Smart Selling

Retailers are gaining insight into customer behavior with real intelligence.

Northern Group Retail and Anchor Blue Retail Group are two clothing retailers that are garnering success with retail profit optimization tools. The tools enable retailers to better manage the fine balance of stocking staples and seasonal items—a balance that can make or break a retailer.

Retail profit optimization software applications help retailers obtain a better understanding of their inventory and price and sell it correctly. Both Northern Group Retail and Anchor Blue Retail Group utilize Oracle Retail solutions, such as Oracle Retail Profit Optimization and Oracle Retail Advanced Inventory Planning, to address merchandising challenges.

Read how these tools help retailers make more profitable and smarter buying and selling decisions based on gathering data about customer spending and shopping habits.

The typical Northern Group Retail customer is a mom looking for comfortable, well-made clothing, for herself or her children. The Canadian-based retailer has more than 225 ladies' Northern Reflections and children's Northern Gateway retail outlets. But there was a downside to the company's success—at the end of the day, although company executives knew how many of its more than 10,000 SKUs of clothing had been sold, they knew very little about what each customer had bought or how frequently they were shopping.

"We had historical information on how a style sold in specific stores. The view, however, was more merchant-centric than customer-centric. A buyer would be able to say, 'I bought 5,000 of this sweater and I sold 4,000 of it. Here are the stores I sold it in and here are the sizes I sold it in.' But that was all," explains Bill Booth, Northern Group's vice president of inventory management. "We used focus groups and talked to sales associates and managers to get more information, but it was all anecdotal perceptions of what was going on in the stores."

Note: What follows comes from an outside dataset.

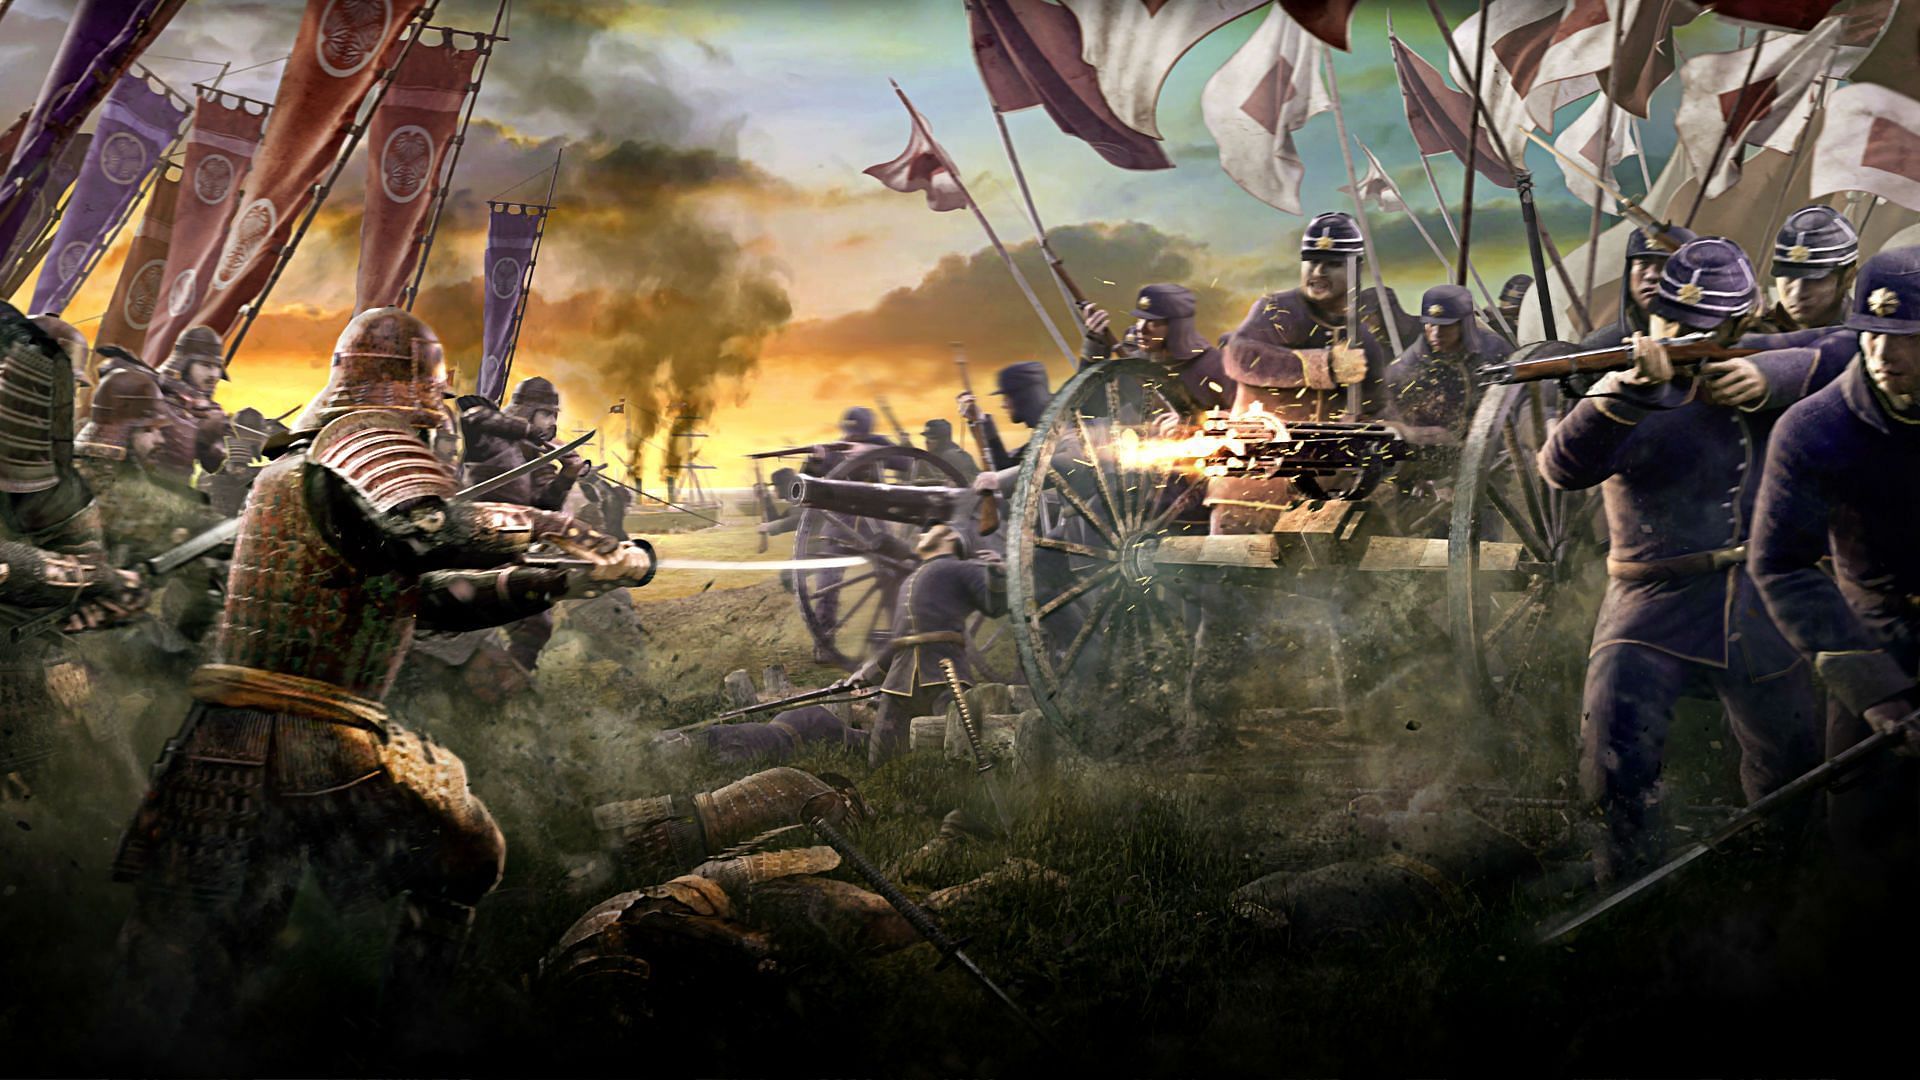 Create Clans, slash enemies, in this turn based strategic game (Image via Creative Assembly)

As a result, in 2001 the company experienced significant losses after making what were categorized as poorly structured markdowns; executives realized that pricing strategies weren't what they should have been. Too much merchandise was selling at a discount, and inventory wasn't turning over quickly enough. Customers weren't able to buy what they wanted when they wanted, because there wasn't enough space on the selling floor for new merchandise as the seasons changed. This meant Northern Group Retail was not only experiencing capital drain, but a drain of its customer loyalty as well.